This application claims the benefit of U.S. Provisional Application
No. 60/003,265 filed Aug. 11, 1995.
Claims
We claim:
1. In a carpet extractor having a multiplicity of adjacent scrub
brushes, each said scrub brush configured as a spur gear wherein
the gear teeth of each said scrub brush drivingly intermesh with
the gear teeth of adjacent said scrub brushes and each said scrub
brush has an array of brush bristles extending axially away from
one side of said scrub brush for engagement with a surface to be
cleaned, wherein the improvement comprises:
each of said gear teeth includes a first portion and a second
portion, the outer periphery of said first portion defining a gear
tooth volute surface and the second portion comprising an axially
extending bristle retaining protrusion, said bristle retaining
protrusion configured such that its perimeter lies wholly within
the outer periphery of said first portion.
2. In a carpet extractor according to claim 1, further comprising a
plurality of groups of bristles, each of said groups of bristles
extending down from an associated one of said gear teeth for
engagement with a surface to be cleaned.
3. In a carpet extractor according to claim 2, wherein each said
group of bristles is located a distance radially outward from a
center of an associated one of said brushes, said distance being
sufficient that when a said gear tooth is fully engaged with said
gear teeth to an adjacent said brush, a said group of bristles on
said fully engaged gear tooth is located substantially between
adjacent said groups of bristles on said adjacent brush.
4. In a carpet extractor according to claim 3, wherein there are at
least two said scrub brushes and said brushes have a vertical axis
of rotation.
5. In a carpet extractor according to claim 4, wherein there are
five said scrub brushes.
6. A scrub brush arrangement for a carpet extractor, wherein said
brush arrangement comprises:
a plurality of vertical axis brushes;
each said brush includes gear teeth extending peripherally around
said brush, said brushes being arranged immediately adjacent to one
another, such that said gear teeth on each said brush drivingly
engage said gear teeth of each adjacent said brush; and
each said gear tooth has a group of bristles extending axially from
said gear tooth for engagement with a surface being cleaned;
and
wherein each said group of bristles is located a distance radially
outward from said vertical axis of an associated one of said
brushes, said distance being large enough that when said gear teeth
of each said brush engage said gear teeth on adjacent said brushes,
said groups of bristles on each said brush move between adjacent
pairs of bristles on said adjacent brushes.
7. A scrub brush arrangement for a carpet extractor, wherein said
brush arrangement comprises:
a plurality of vertical axis brushes;
each said brush includes gear teeth extending peripherally around
said brush, said brushes being arranged immediately adjacent to one
another, such that said gear teeth on each said brush drivingly
engage said gear teeth of each adjacent said brush; and
each said gear tooth has a group of bristles extending axially from
said gear tooth for engagement with a surface being cleaned;
and
wherein each said group of bristles is located a distance radially
outward from said vertical axis of an associated one of said
brushes, said distance being sufficient that when a said gear tooth
is fully engaged with said gear teeth of an adjacent said brush, a
said group of bristles on said fully engaged gear tooth is located
substantially between adjacent said groups of bristles on said
adjacent brush.
Description
BACKGROUND OF THE INVENTION
The present invention relates to a carpet extractor and more
particularly to a floating powered brush assembly for use with an
upright extractor (of the type taught in co-owned U.S. Pat.
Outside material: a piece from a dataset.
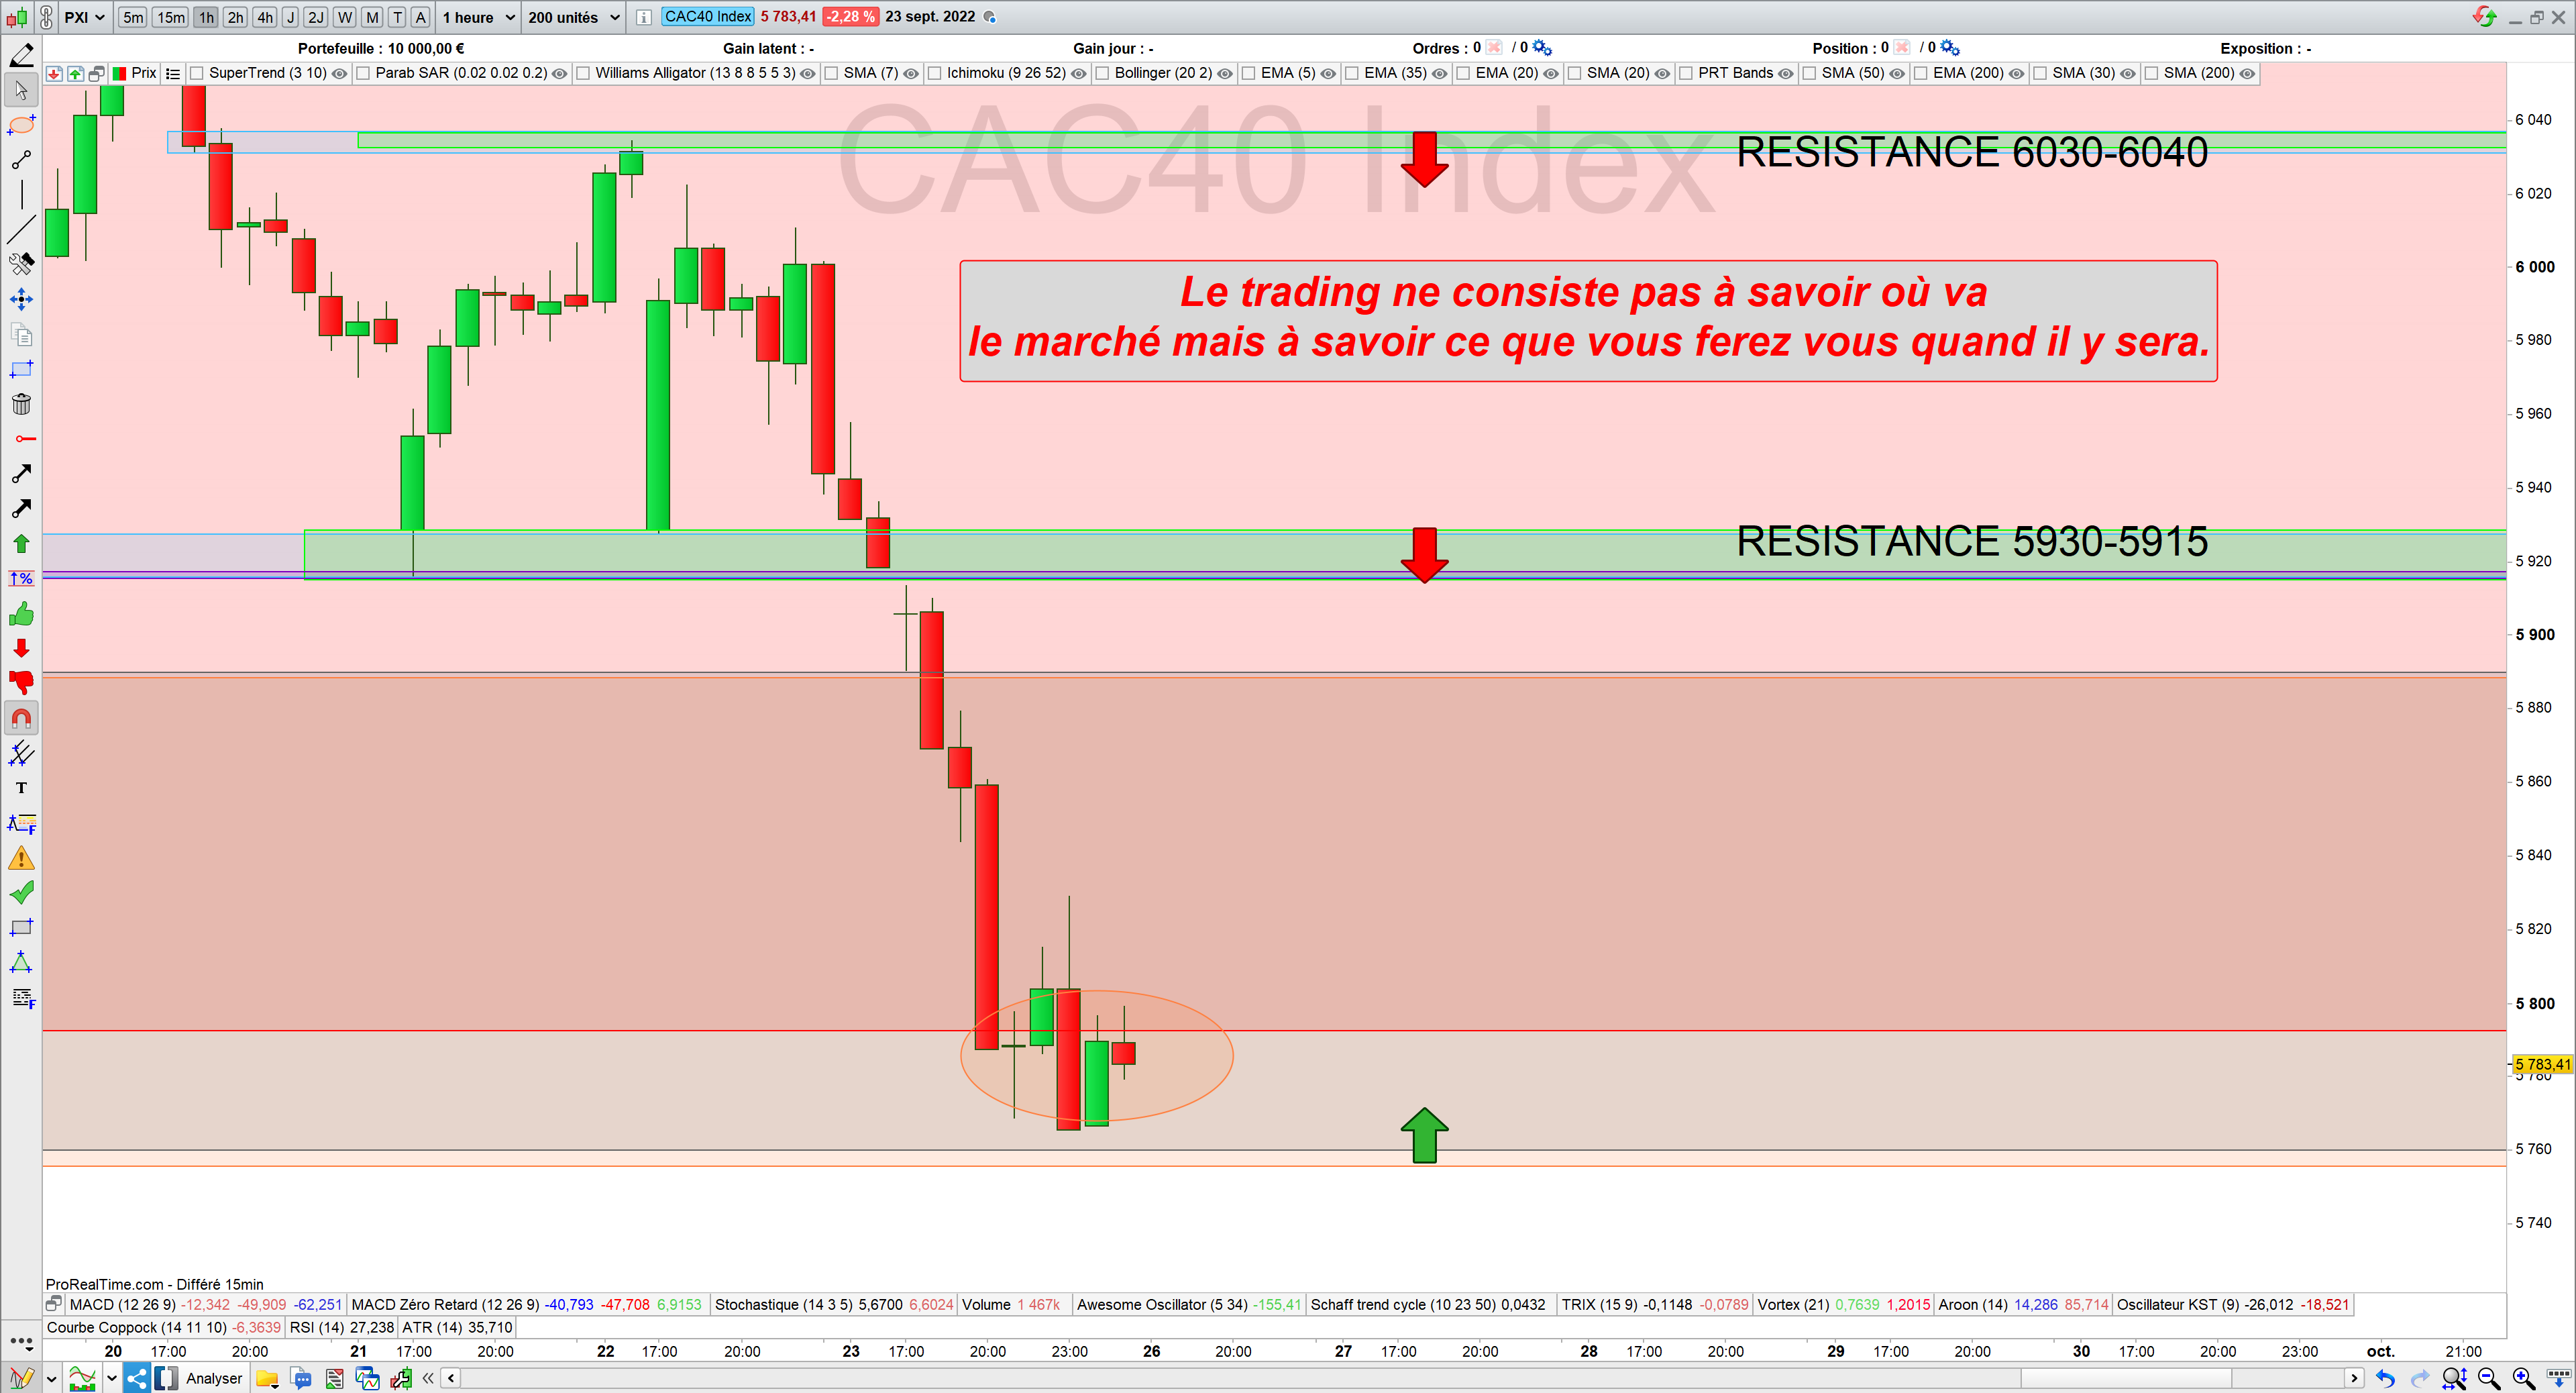 Trading cac40 26/09/22

No.
5,406,673) having powered floor cleaning brushes.
Heretofore carpet extractors having powered brushes to assist
scrubbing of the surface being cleaned have generally affixed the
powered brush and/or brushes to the main body of the machine in
such a way that, except for the rotary motion of the brush, the
brush assembly did not move relative to the main body. Thus the
rotary action of the powered brush tends to lift the liquid suction
nozzle upward and away from the surface being cleaned resulting in
lost efficiency of the system as a whole.
BRIEF DESCRIPTION OF THE INVENTION
The herein invention overcomes the above stated disadvantage of
prior art extractors by disclosing a novel, free floating, powered,
brush assembly and associated fluid supply system whereby the brush
assembly is free to float atop the surface being cleaned in such a
way that the brush assembly supports none of the extractor's weight
nor imparts any forces to the machine that would otherwise tend to
lift the liquid recovery suction nozzle upward from the surface
being cleaned.
The present invention teaches a floating brush support system
particularly useful for supporting a multiplicity of laterally
disposed cup-like scrubbing brushes rotatable about, generally
parallel, vertically aligned, axis of rotation.
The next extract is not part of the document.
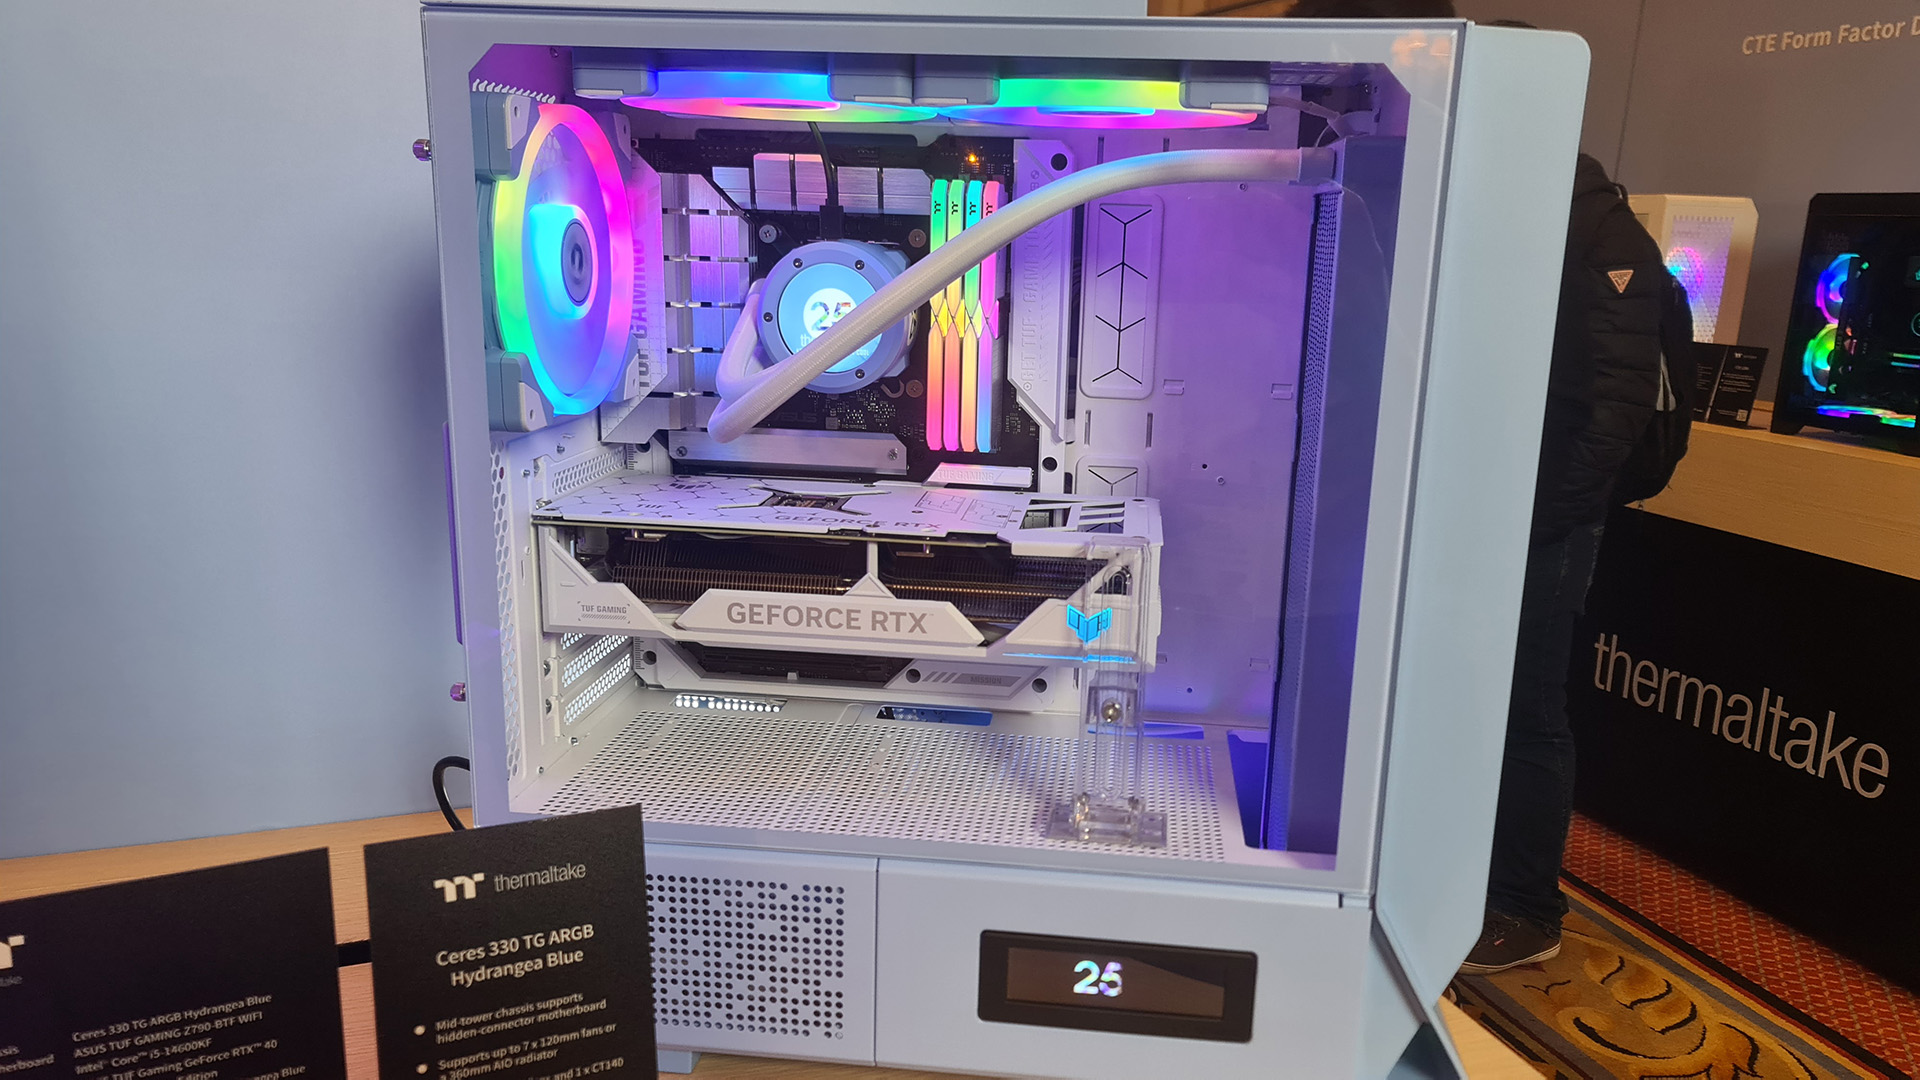 A Thermaltake case with few visible cables.

The brush assembly generally comprises an elongate brush support
beam having integrally molded, spaced apart, vertically aligned
cylindrical bearings each receiving therein a vertically directed
axle shaft of an associated rotary scrubbing brush.
The rotary brushes generally comprise a spur gear configuration
having tufts of brush bristles retained within each gear tooth and
directed axially downward toward the surface being cleaned. The
spur gear configurations, of each rotary brush, intermesh with the
adjacent rotary brush thereby creating a gear train such that
rotating any one rotary brush causes the entire gear train to
rotate thereby powering all brushes with one driving brush. The
intermeshing of the brush gear teeth and their associated brush
bristles assures that no unbrushed area will be present between
adjacent brushes.
The axial thickness of each gear tooth includes an upper and lower
profile. The upper profile provides the tooth involute that engages
the tooth involute of the adjacent gear brush. The lower profile is
inwardly offset from the upper profile to allow circumferential
expansion (or bulging) of the profile upon insertion of the brush
bristles that otherwise may cause binding or interference between
intermeshing gear teeth.
A gear brush guard, affixed to the gear support beam, surrounds the
periphery of all brushes and is provided with an internally
directed flange at the bottom of the guard sidewall extending
inward beyond the outer locus of the gear teeth thereby restricting
each gear brush within its associated cylindrical bearing on the
support beam.
Preferably four outwardly directed tangs, two on either side of the
peripheral brush guard, engage vertically disposed guide slots in
the brush assembly cavity of the extractor base module thereby
permitting the brush assembly to translate or float vertically
while retaining the brush assembly therein. To assist and guide the
brush assembly as it floats vertically, a vertically directed
flange is integrally molded onto the brush support beam, one at
each end, which slidingly engage vertically disposed tracks or
slots integrally molded into the end walls of the brush assembly
cavity. None of the machine's weight is supported by the floating
brush assembly. Generous tolerances between all moving parts
namely: between the brush axles and cylindrical bearings, between
the lower gear tooth surface and the brush guard peripheral flange,
and the support beam vertical guide flanges and guide slots are
provided such that the brush assembly may float in skewed positions
and that the gear brush axle shafts may slightly tilt
omnidirectionally from the vertical thereby permitting the
scrubbing gear brushes to follow and remain engaged with any
unevenness of the surface being scrubbed or to automatically adjust
for carpet height
The brush assembly further comprises a unique "snap together"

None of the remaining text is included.